Return whether there are more missing days in the array than a given percentage.

Parameters
  • da (DataArray) – Input array.

  • freq (str) – Resampling frequency.

  • tolerance (float) – Fraction of missing values that is tolerated [0,1].

  • src_timestep ({“D”, “H”}) – Expected input frequency.

  • **indexer ({dim: indexer, }, optional) – Time attribute and values over which to subset the array. For example, use season=’DJF’ to select winter values, month=1 to select January, or month=[6,7,8] to select summer months.
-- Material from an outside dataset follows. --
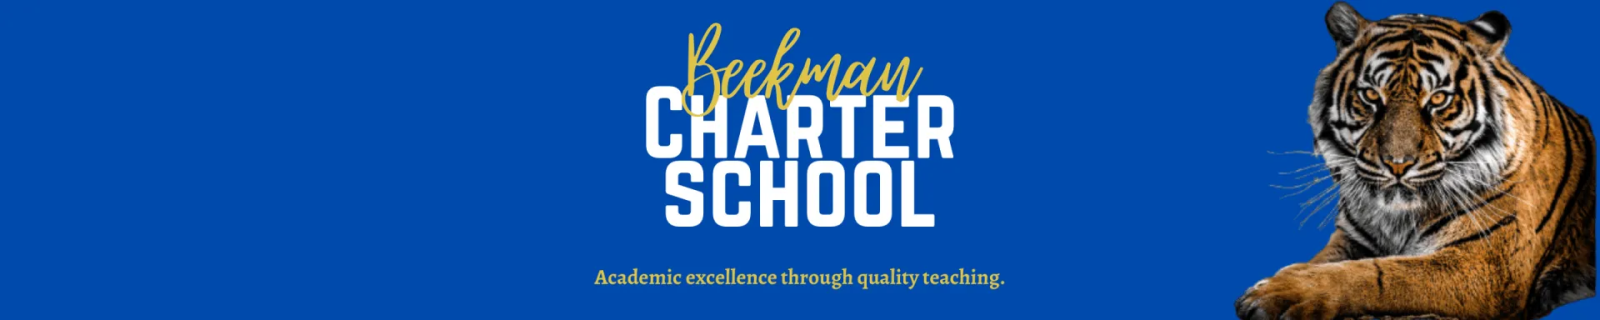 Beekman Charter School

If not indexer is given, all values are considered.

Returns

out (DataArray) – A boolean array set to True if period has missing values.
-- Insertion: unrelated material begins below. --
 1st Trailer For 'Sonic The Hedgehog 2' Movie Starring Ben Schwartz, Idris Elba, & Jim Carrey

xclim.core.missing.missing_wmo(da, freq, nm=11, nc=5, src_timestep=None, **indexer)[source]

Return whether a series fails WMO criteria for missing days.

The World Meteorological Organisation recommends that where monthly means are computed from daily values, it should considered missing if either of these two criteria are met:

– observations are missing for 11 or more days during the month; – observations are missing for a period of 5 or more consecutive days during the month.

Stricter criteria are sometimes used in practice, with a tolerance of 5 missing values or 3 consecutive missing values.

Parameters
  • da (DataArray) – Input array.

  • freq (str) – Resampling frequency.

  • nm (int) – Number of missing values per month that should not be exceeded.

  • nc (int) – Number of consecutive missing values per month that should not be exceeded.

  • src_timestep ({“D”}) – Expected input frequency. Only daily values are supported.

  • **indexer ({dim: indexer, }, optional) – Time attribute and values over which to subset the array. For example, use season=’DJF’ to select winter Time attribute and values over which to subset the array. For example, use season=’DJF’ to select winter values, month=1 to select January, or month=[6,7,8] to select summer months. If not indexer is given, all values are considered.

Returns

out (DataArray) – A boolean array set to True if period has missing values.

Notes

If used at frequencies larger than a month, for example on an annual or seasonal basis, the function will return True if any month within a period is missing.

xclim.core.missing.missing_from_context(da, freq, src_timestep=None, **indexer)[source]

Return whether each element of the resampled da should be considered missing according to the currently set options in xclim.set_options.

See xclim.set_options and xclim.core.options.register_missing_method.